We found self funding to be the opposite experience, I’m not ‘kidding myself’, self funding can and does, but of course not always, give pejole more options

I'm sure it can give choice.
It didn't in our case.
Our self funding relative was almost an hour away. Luckily we all drive.

Julen7 · 01/04/2025 20:17

Sammy900 · 01/04/2025 19:59

Is there some sort of old age insurance policy that you could pay into later on in life? Like life insurance when you have a mortgage.

You could take that out if you needed to pay for care or if not...well that's the risk.

At least then it doesn't eat into everything you've earned and assets you'd rather pass down to your family / children.

I think I googled this out of curiosity a few years ago and there wasn't anything that existed it might be different now.

Apparently there is, a poster earlier in the thread mentioned it.
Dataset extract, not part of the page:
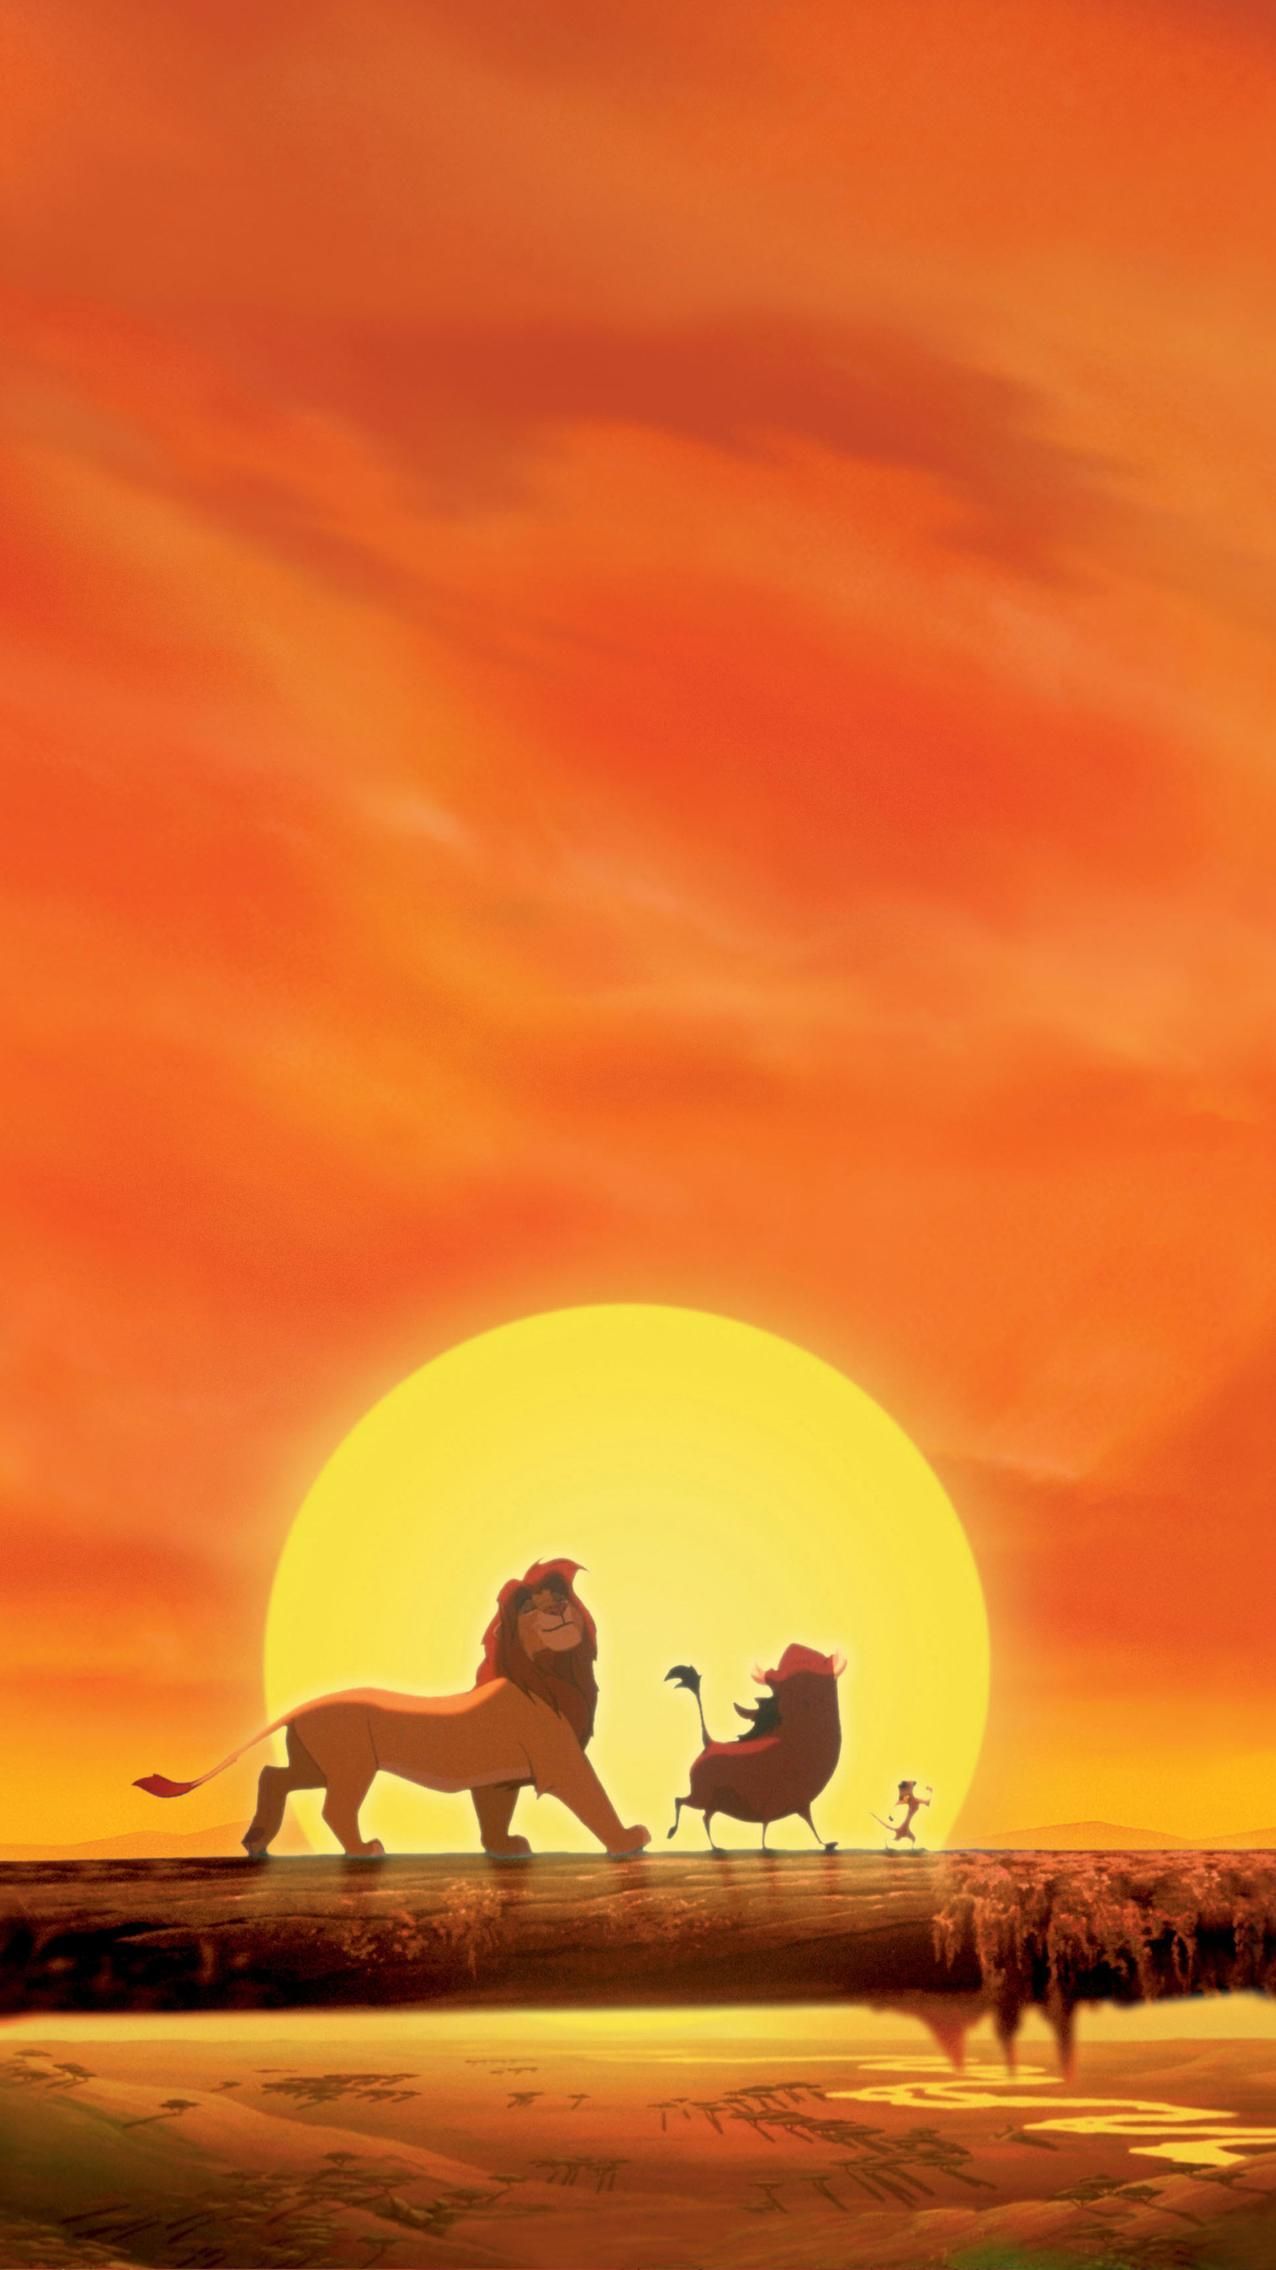 The Lion King 2019 wallpaper 2020 1242x2688 - The Lion King

They said it was costly though.

MaturingCheeseball · 01/04/2025 20:18

yes @Cosyblankets dh visited masses of nursing homes. Each one wanted an assessment of mil, and all except one said no. Meanwhile mil was “bed blocking” in hospital and the hospital were threatening legal action against her family unless she was moved.

The poster who suggested that care home fees are saved if you look after your parent yourself…. Well, I challenge you to take on a large aggressive lady who is doubly incontinent and has no sense of night and day. Or who you are or who she is.

BeyondMyWits · 01/04/2025 20:22

MIL is in a nursing home with a cocktail of dementias and breathing, and heart, and diabetes, and gut issues. She is doubly incontinent and bedbound. She does not get continuing care paid for by the nhs despite her many nursing needs.

She lives there now, being taken care of around the clock - she doesn't need a house. If her (not very large amount of) money can make her more comfortable as she dies, then so be it. She's not coming out of there alive, and neither I, nor my husband are capable of, or prepared to, provide that level of care.